*TASK STATEMENT:* Return the lines of the listing below exactly as they appear, beginning at the one with "Anti Aging Products Market Size 2021 to 2030" and stopping after the one with "Cal Raleigh Breaks"; do not include pictures.

[[ AVAILABLE DATA, beginning ]]

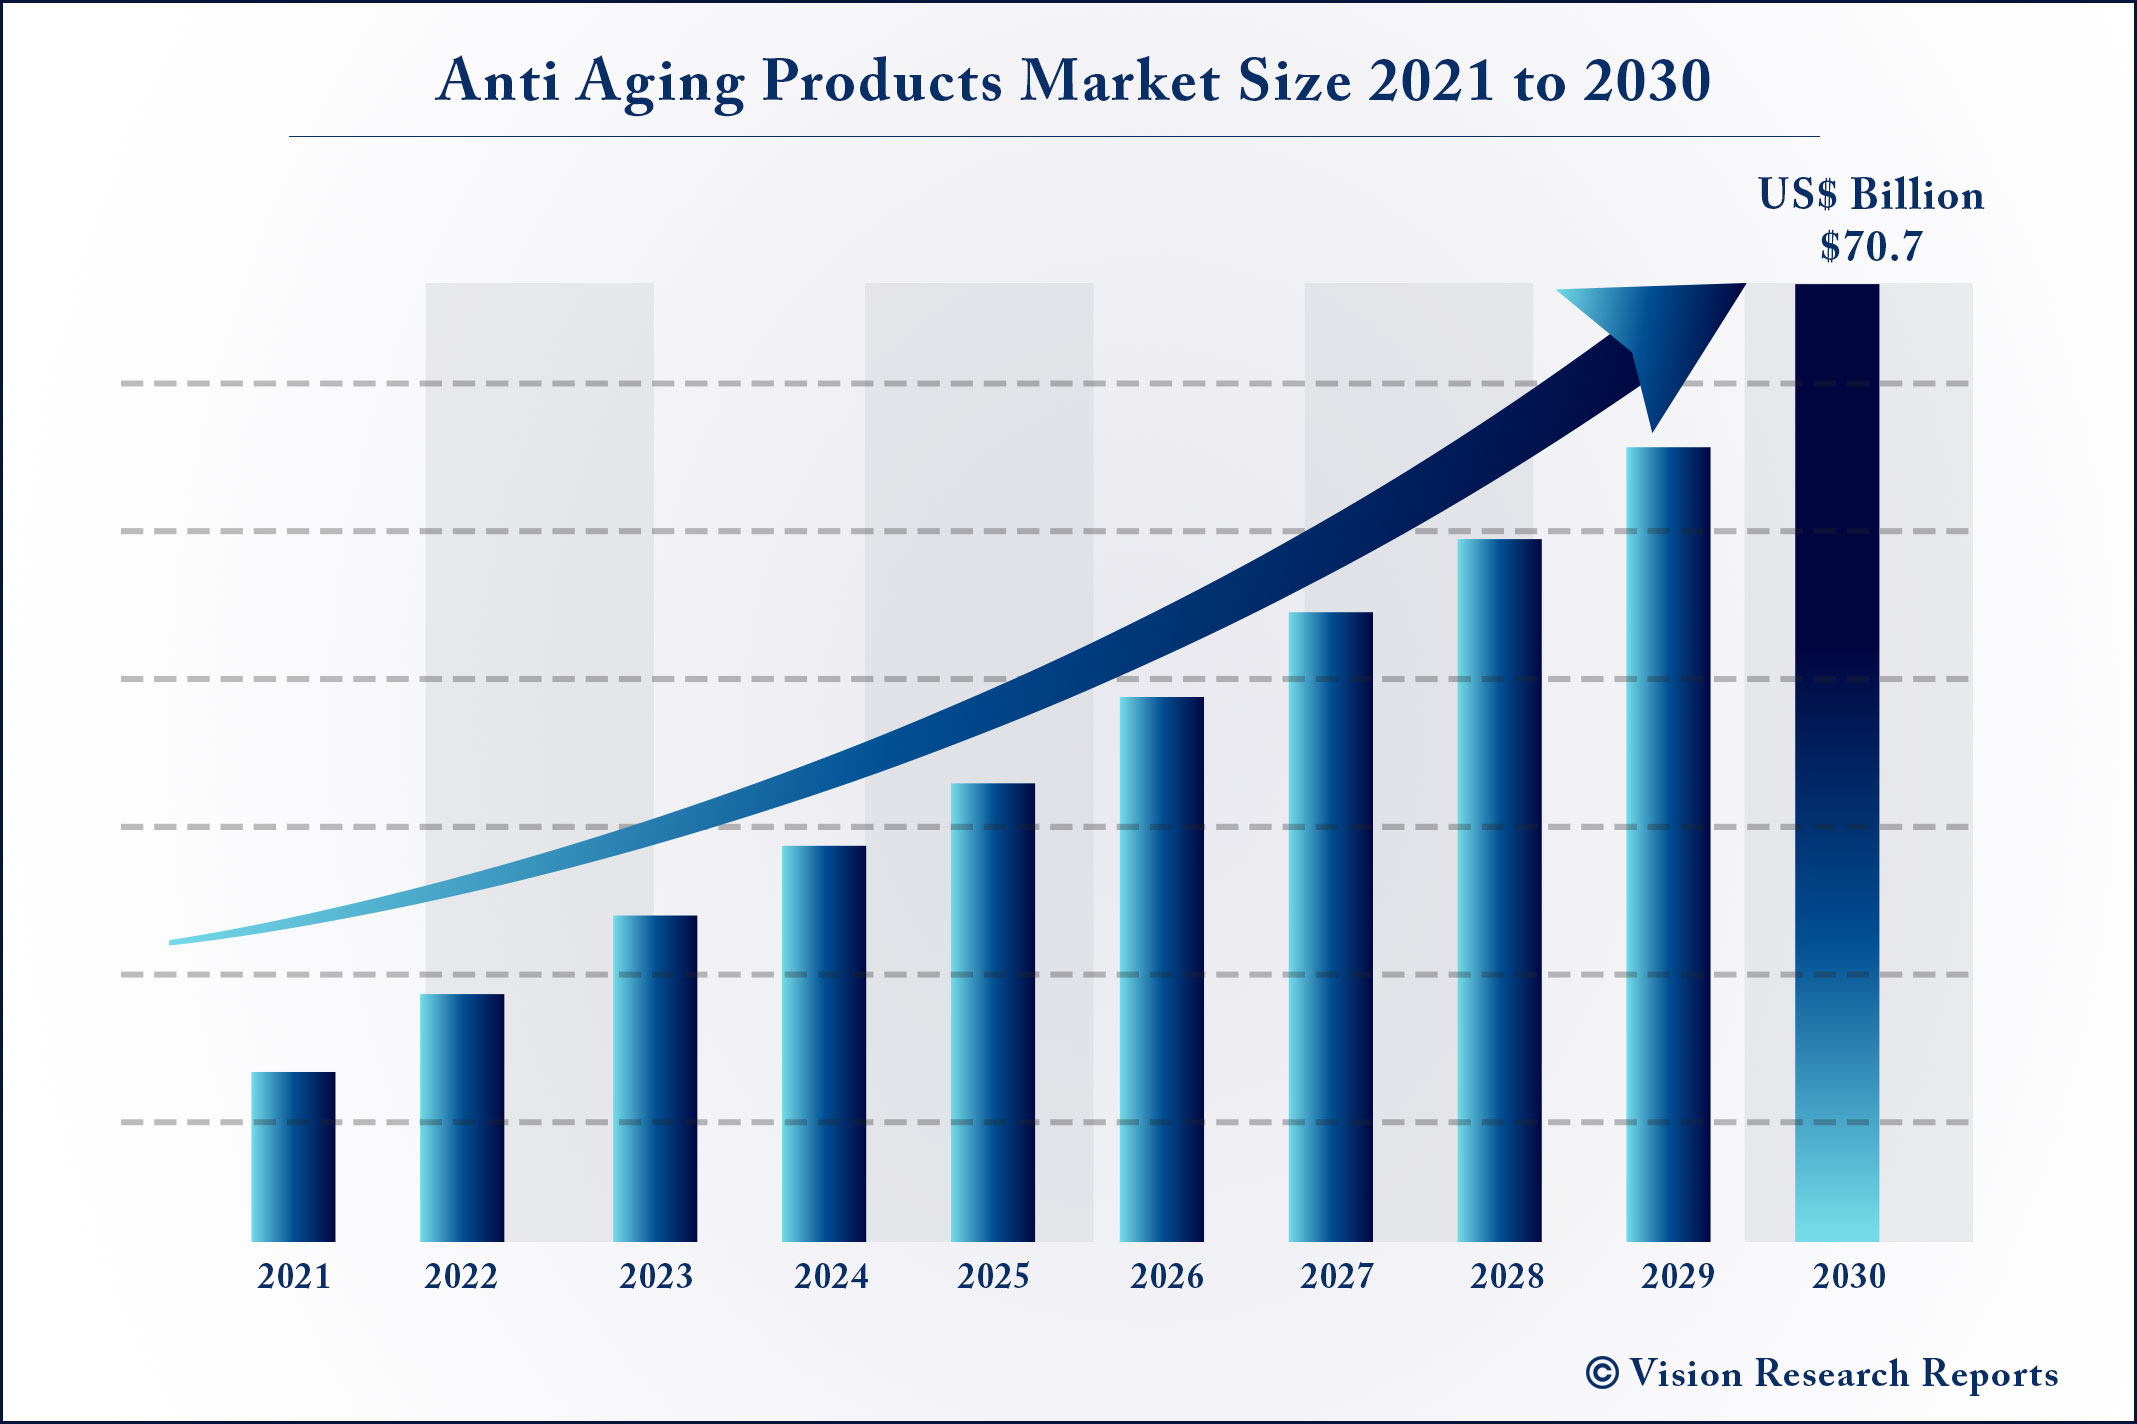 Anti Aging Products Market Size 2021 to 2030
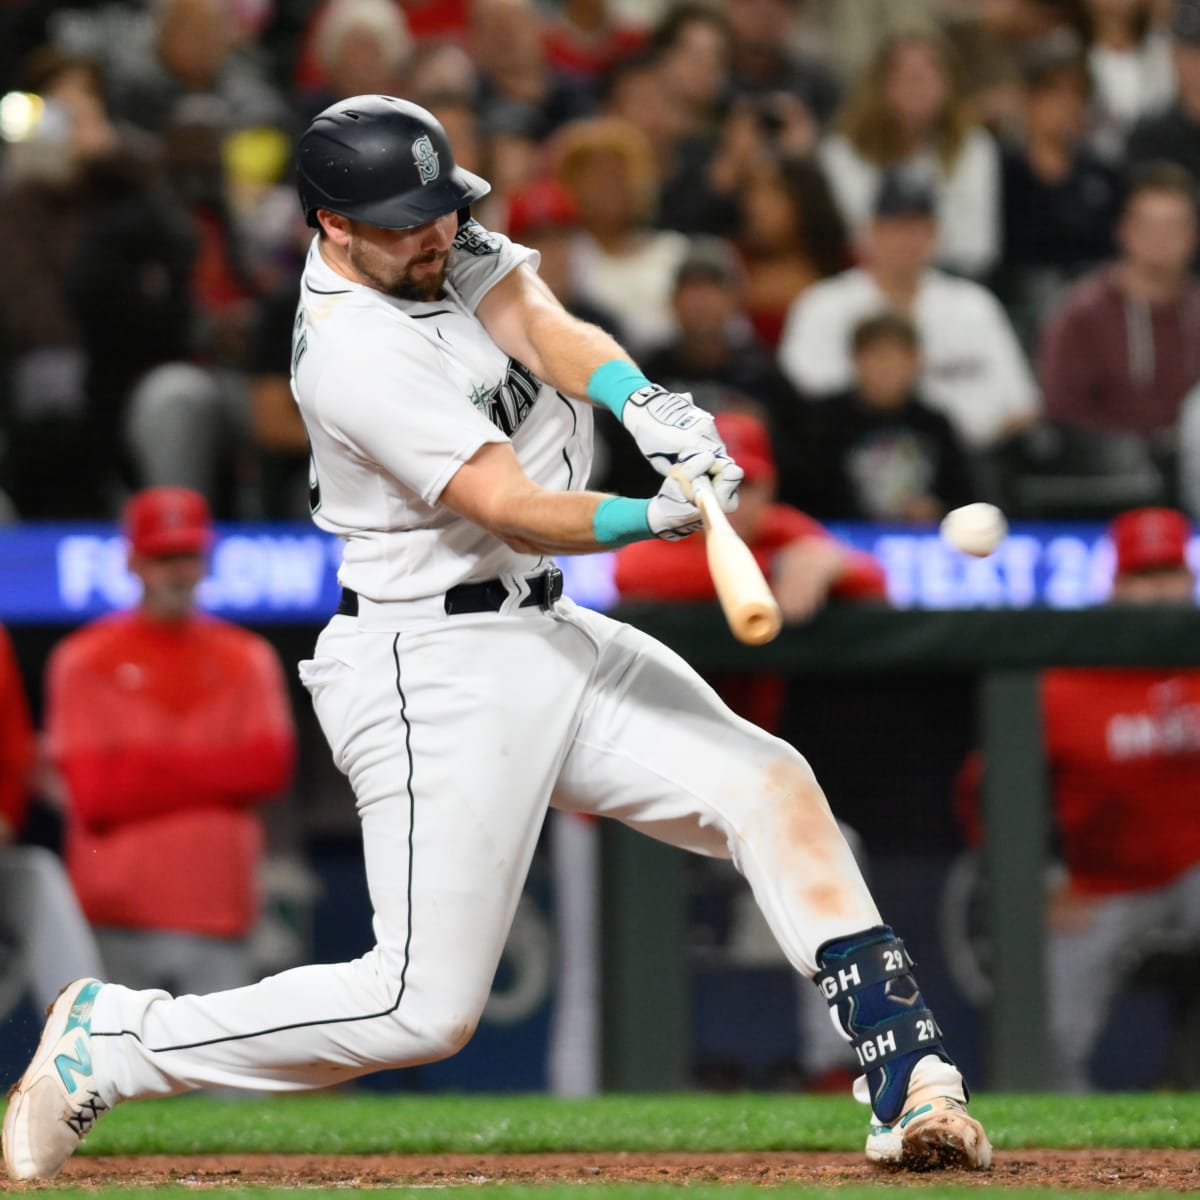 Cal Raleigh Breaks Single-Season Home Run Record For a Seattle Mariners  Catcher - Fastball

[[ AVAILABLE DATA, end ]]
[[ AVAILABLE DATA, beginning ]]

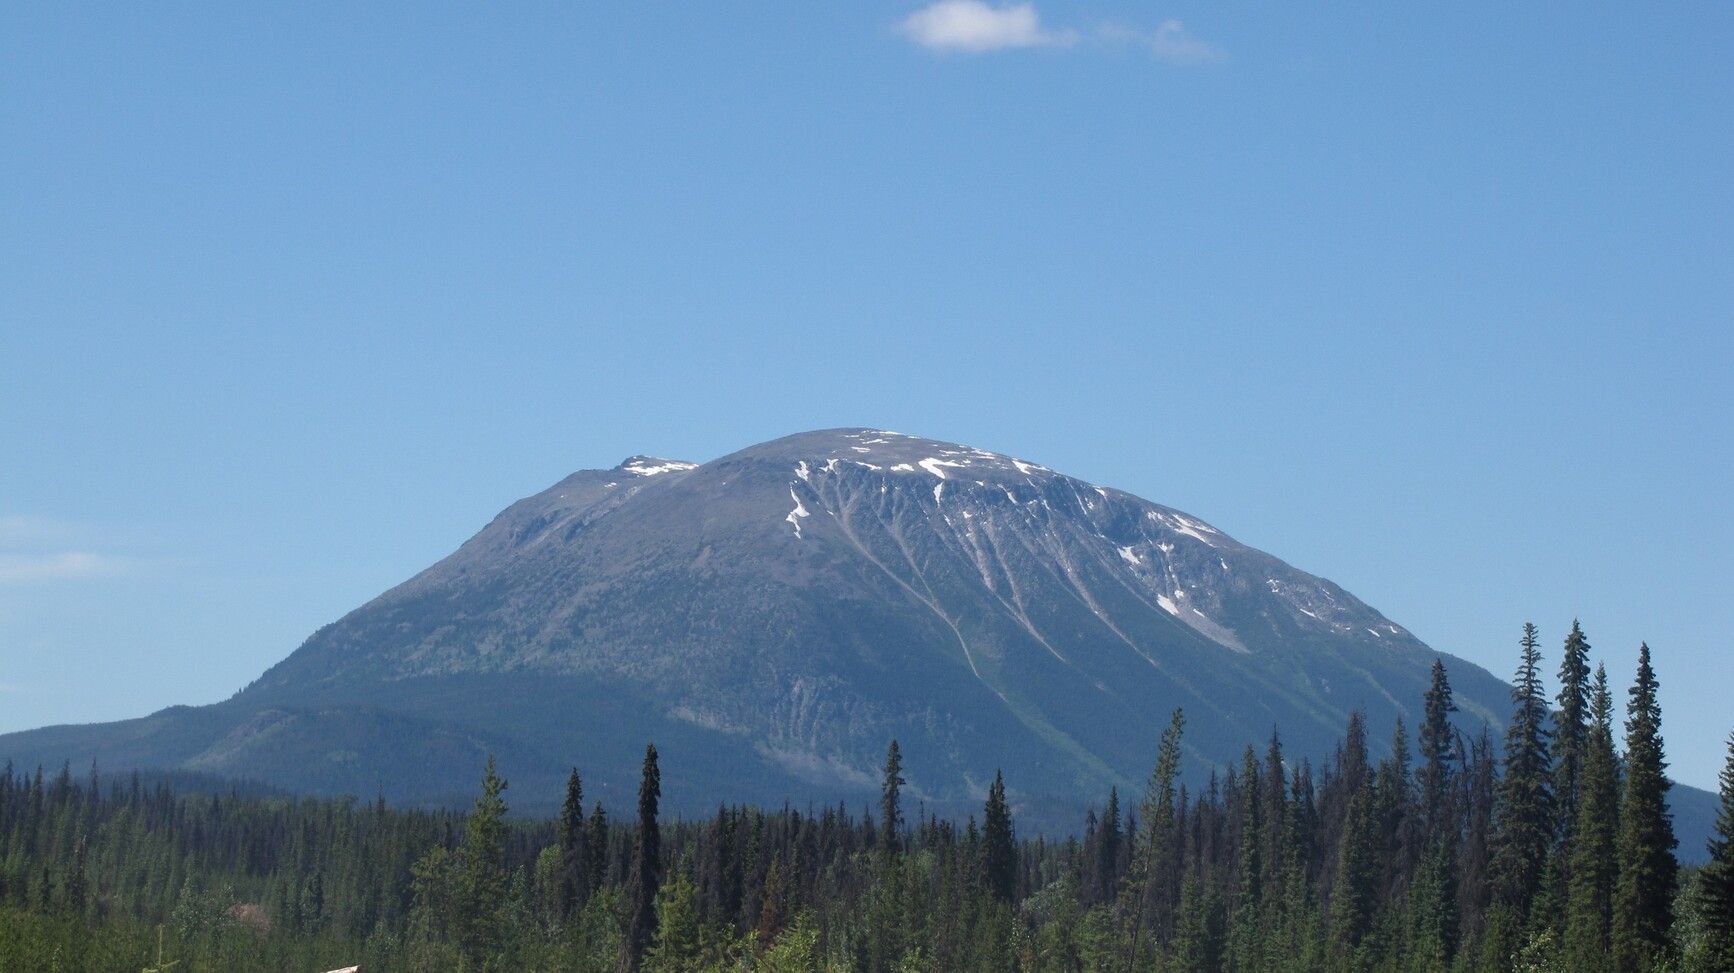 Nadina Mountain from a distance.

[[ AVAILABLE DATA, end ]]

*ANSWER SPACE:*
 Anti Aging Products Market Size 2021 to 2030
 Cal Raleigh Breaks Single-Season Home Run Record For a Seattle Mariners  Catcher - Fastball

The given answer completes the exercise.